Aufsehen erregende Verneigung eines Papstes vor dem Zionismus
Sicher kein Zufall war hingegen die Ehrerbietung, die Papst Franziskus bereits vor der Begegnung mit den Großrabbinen dem Zionismus erwies. Der Papst legte am Grab Theodor Herzls, der in Israel als „Vater des Vaterlandes“ geehrt wird, Blumen nieder. Eine solche Anerkennung des Zionismus, einer politischen Bewegung des Judentums, hatte noch kein Papst getätigt, weil sie mit Politik und nicht mit Religion zu tun hat. So war der Besuch des Papstes im Heiligen Land von Inkohärenz und weiteren umstrittenen Aussagen gepflastert, die gerade in seiner bevorzugten, wenn auch theologisch nicht leicht verständlichen Haltung gegenüber dem Judentum zum Ausdruck kommt. Seit der Heilig-Land-Reise wäre zu ergänzen, daß seine bevorzugte Haltung dem zionistischen Judentum gilt. Die Rolle seines rabbinischen Freundes Abraham Skorka scheint für diese Anerkennung des Zionismus ausschlaggebend gewesen zu sein.

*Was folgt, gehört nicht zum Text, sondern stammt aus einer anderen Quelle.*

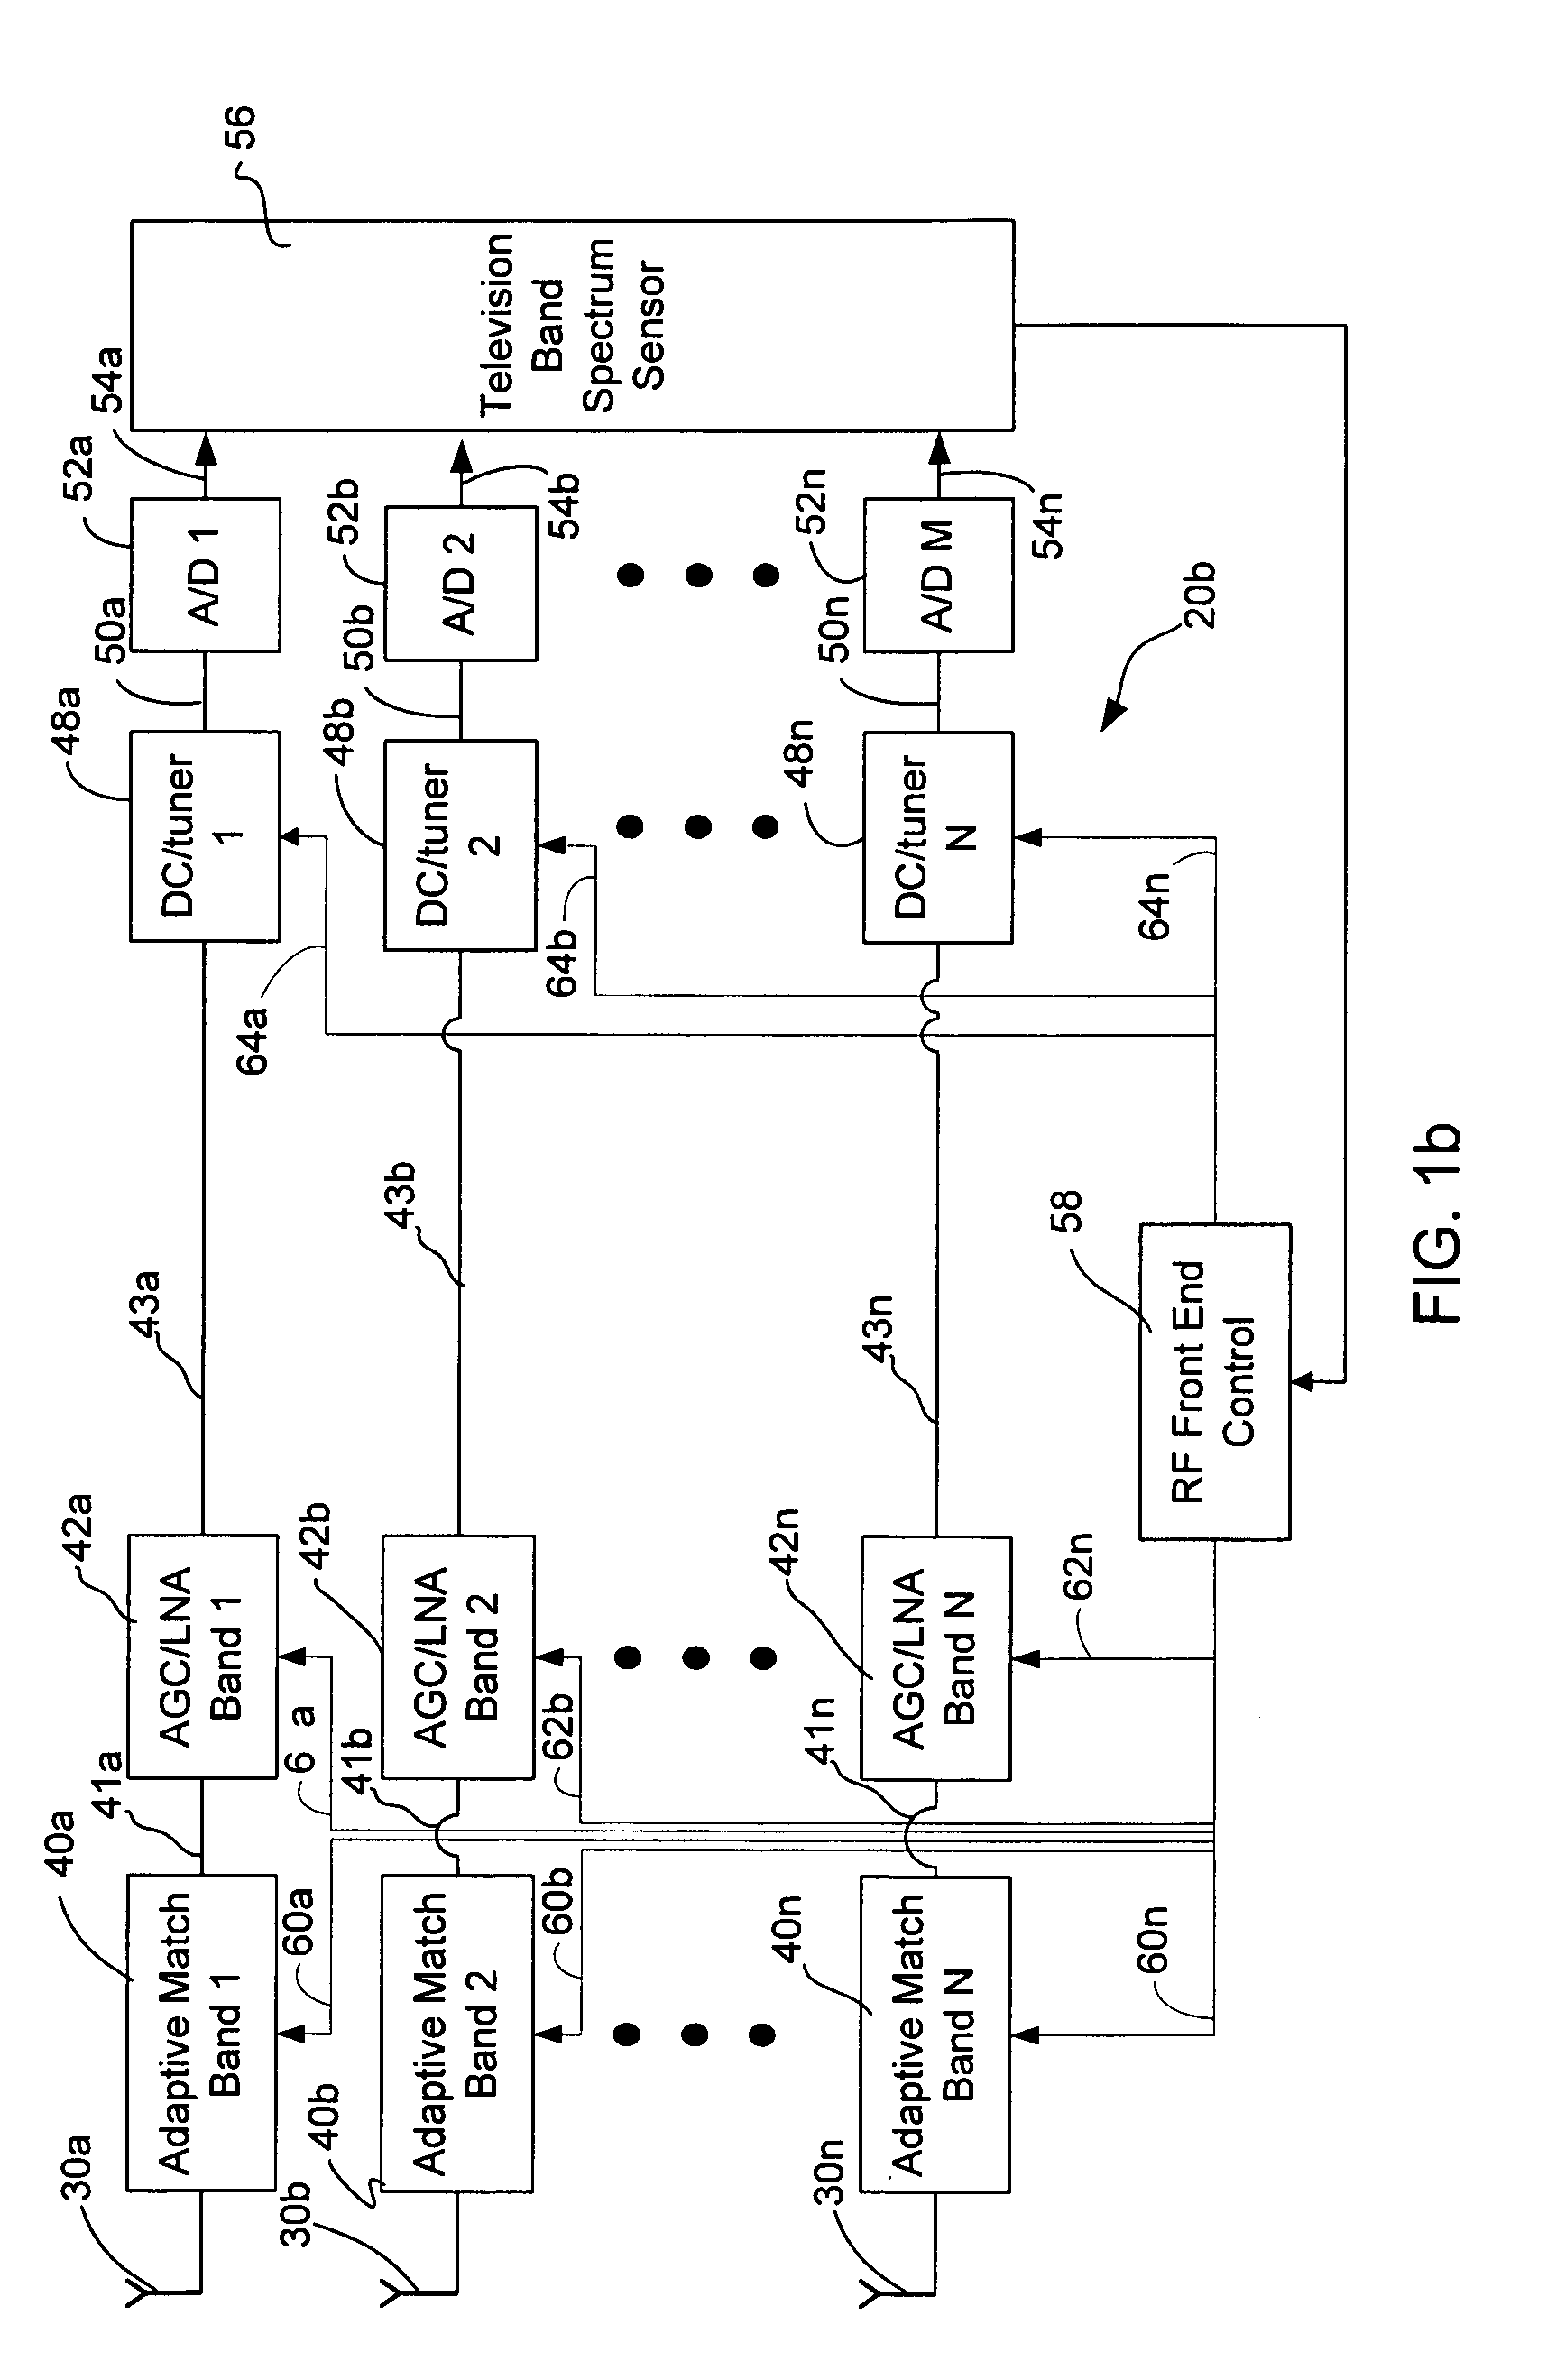 Radio frequency front end for television band receiver and spectrum sensor

Kirche lehnte Zionismus ab
Die Frage ist nicht unbedeutend, da Papst Pius X. 1904 gegenüber Theodor Herzl die Schaffung eines jüdischen Staates aus theologischen Gründen ablehnte und diese Haltung für die Katholische Kirche seither bestimmend war (siehe Bericht Pius X. und Theodor Herzl – Geste der Entschuldigung durch Papst Franziskus?). Der Staat Israel wurde von der Katholischen Kirche nie offiziell anerkannt, wie übrigens auch ein Teil des Judentums den Zionismus bis heute ablehnt. Erst 1984 wurde der Staat Israel erstmals von Johannes Paul II. in einem päpstlichen Lehrschreiben erwähnt. Erst 1994 wurden zwischen Israel und dem Heiligen Stuhl diplomatische Beziehungen aufgenommen. Papst Benedikt XVI. hatte 2009 noch alle diplomatischen Gepflogenheiten eingehalten, auch die Holocaust-Gedenkstätte Yad Vashem besucht. Von einer Anerkennung des Zionismus oder einem Besuch am Grab Theodor Herzls war jedoch keine Rede. Der Zionismus ist eine bestimmte politische Bewegung innerhalb des Judentums. Allein schon deshalb lehnten die Päpste eine Anerkennung bisher ab, die zumindest einer Einmischung in politische Angelegenheiten entsprochen hätte.
Doch Papst Franziskus will offenbar Politik machen, wie seine Einladung von Israels Staatspräsident Simon Peres und Palästinenserpräsident Abu Mazen in den Vatikan zeigt. Damit wurden die „Falken“ im israelisch-palästinensischen Konflikt, Israels Ministerpräsident Netanjahu und die islamistische Hamas-Bewegung, die den Gaza-Streifen kontrolliert übergangen. Ob der päpstliche Polit-Aktivismus Erfolg haben wird, sei dahingestellt. Wichtiger scheint die Frage, wie sich die Einladung zu einem „gemeinsamen Gebet“, das Fassade für Verhandlungen zu sein scheint, gestalten wird, ohne in einen Allreligionen-Synkretismus zu verfallen.